More embarrassing details were expected when Burrell - and possibly even the Prince of Wales - took to the stand. But just a fortnight into the proceedings the trial dramatically collapsed. William Boyce, the prosecution counsel, stood up in court one of the Old Bailey and announced that he would offer no further evidence and invited Burrell's acquittal. The main plank of their case was apparently that there was no evidence that Burrell had informed anyone that he was holding property belonging to Diana's estate. However, a few days earlier the prosecution had been told that the Queen had just remembered having a meeting shortly after Diana's death with Burrell during which he had told her that he had taken some of the princess's property for safekeeping.
Was Her Majesty's delayed recollection the real reason why the £1.5m trial collapsed? Following months of press speculation about the possibility of a royal conspiracy, Sir Michael Peat, Prince Charles’ private secretary, was asked to examine - as part of a wider inquiry into the trial - whether there was anything improper in the conduct of the Prince of Wales's household in the termination of the case. After sifting through the testimony of dozens of witnesses (although not the Queen) Peat came to the conclusion:
"The disclosure made on 28th October 2002 of The Queen’s conversation with Mr Burrell was properly made.

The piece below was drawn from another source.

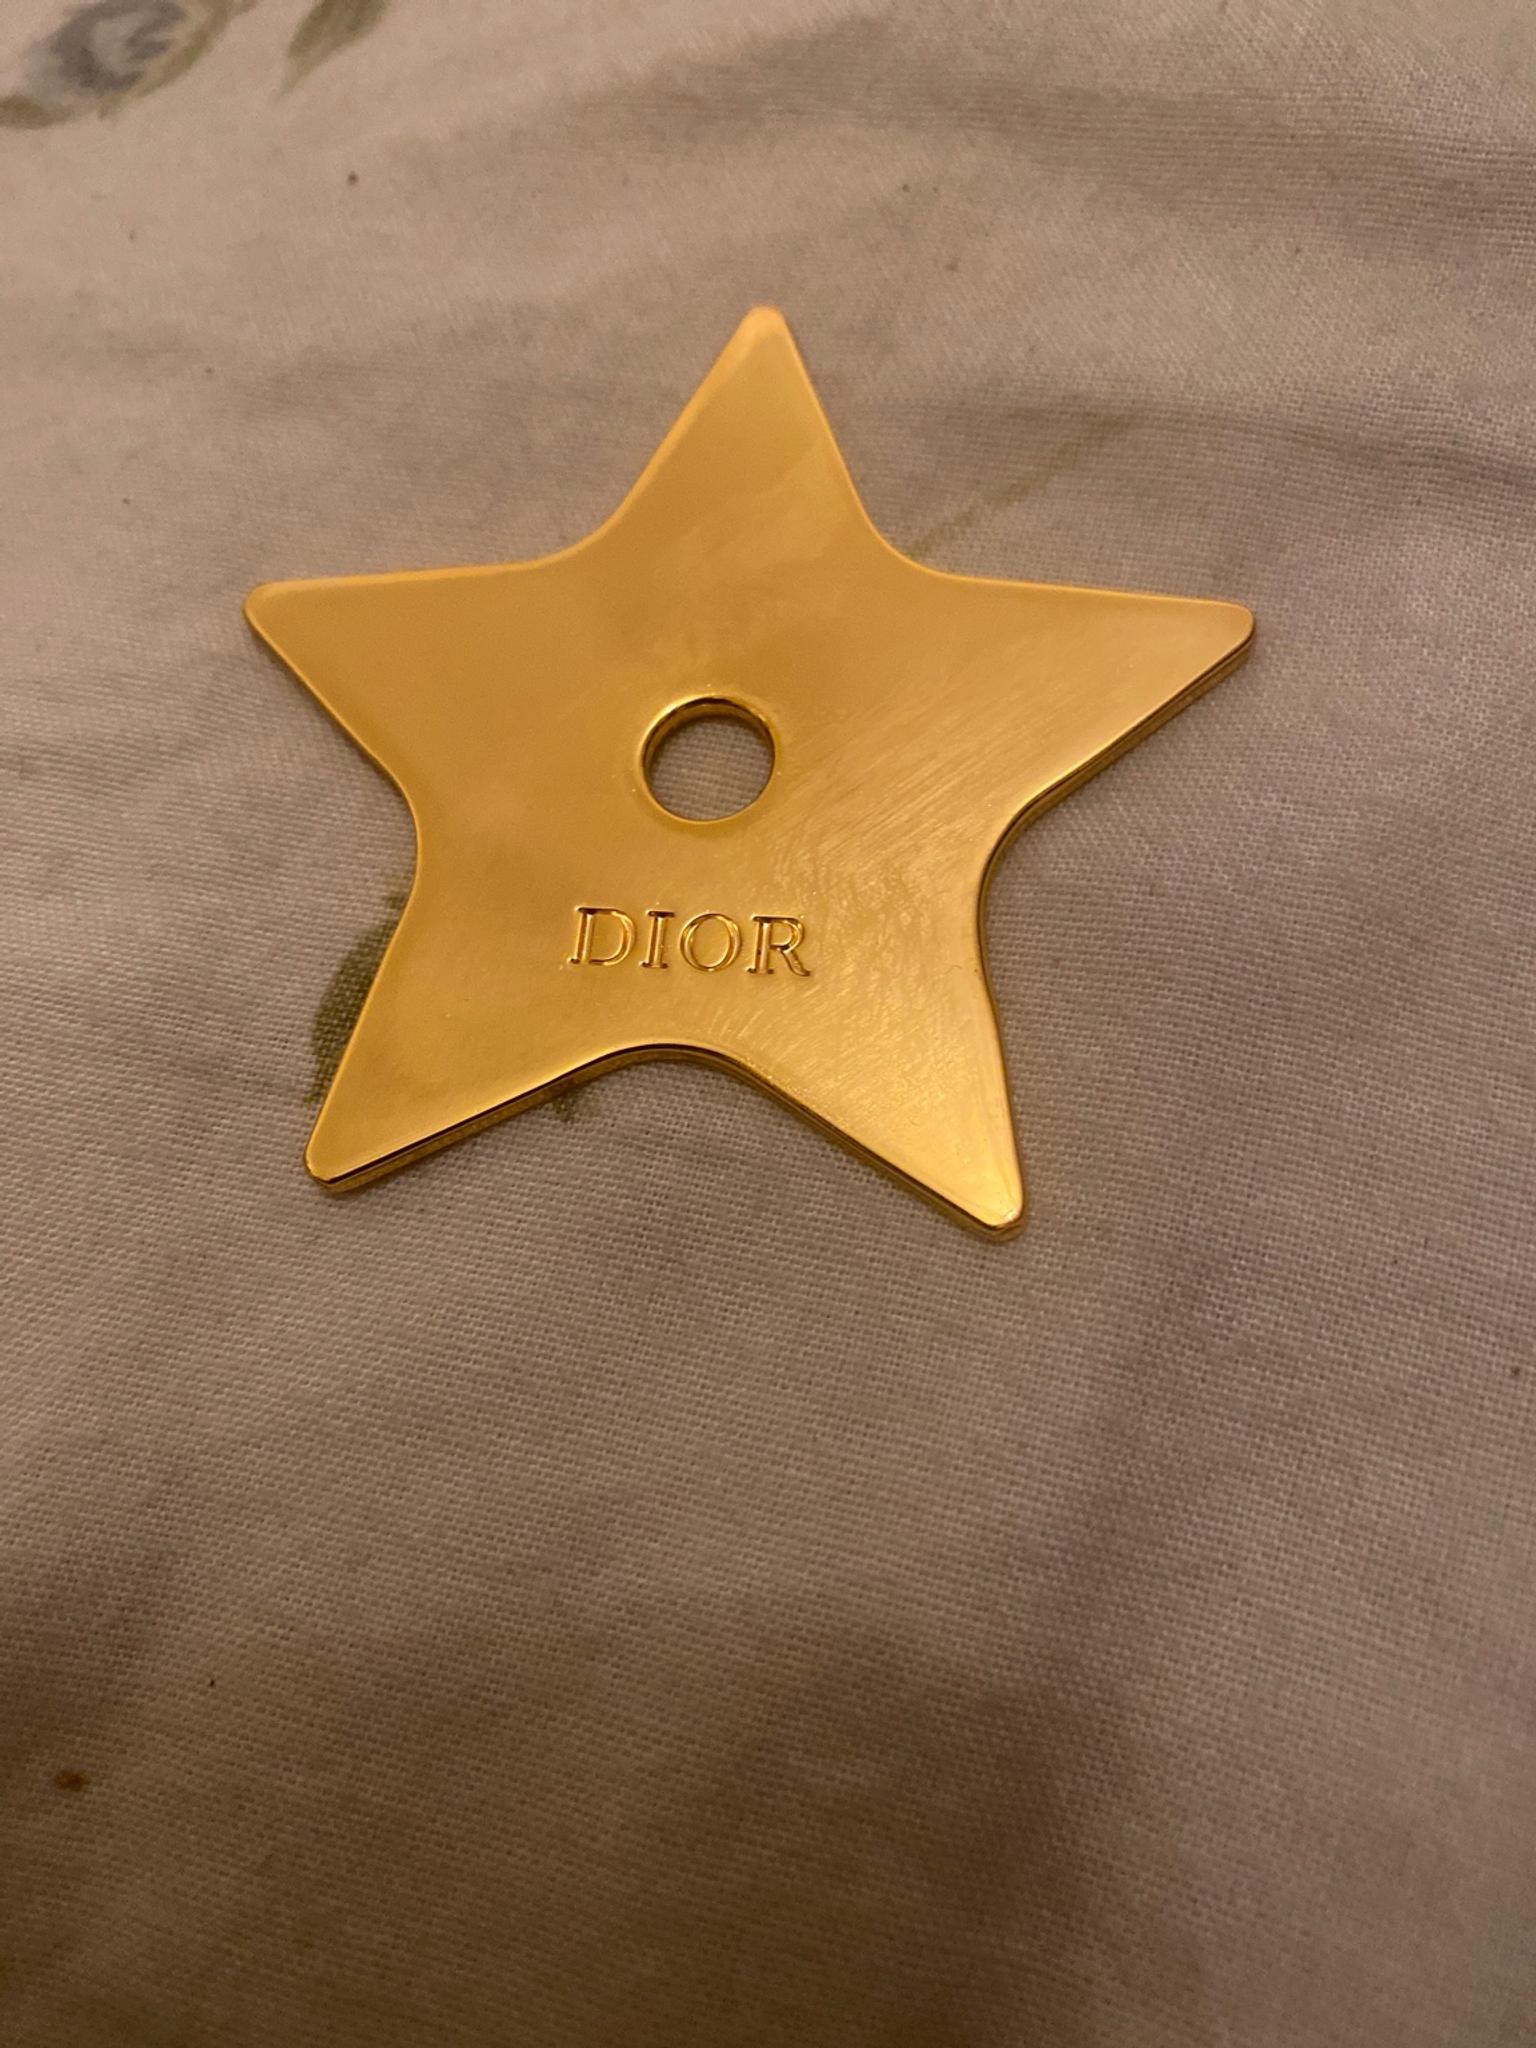 dior star

Had it not been made, those advising Her Majesty and The Prince of Wales could rightly and strongly have been criticised. The suggestion that the disclosure was made for improper motive and in the expectation of preventing the trial continuing finds no support in the available evidence.”22
Lord Carlile believes the Queen's intervention was just one of a number of factors in the collapse of the trial. In a newspaper interview a week later, he maintained that the overall case of the prosecution had been "severely undermined."23 In court, the prosecution had succeeded in weakening the credibility of the Spencer side of the story and the Queen's intervention merely confirmed the general unreliability of the prosecution evidence. As a result, the Crown had no option but to throw in the towel.
The defendant Paul Burrell offers a slightly different perspective in his memoirs. He was amazed that so much significance was given to his meeting with the Queen since he had told her no more than he had informed Prince William in a letter, Prince Charles's officials in other correspondence and the Crown Prosecution Service in his defence statement. In his view, the written evidence was already available before the trial and he cannot understand why it came as such a surprise to the CPS.24
As for the Spencers, Frances Shand Kydd felt let down by the Queen's eleventh hour intervention. According to her biographers, she was incensed that others had been content to do nothing and observe the Spencers being humiliated in court and the press.25 They go on to repeat the widely held view at the time that there was a strong element of convenient amnesia behind the Queen's delayed recollection and that she was worried that Burrell was about to expose embarrassing information in court about the royal family.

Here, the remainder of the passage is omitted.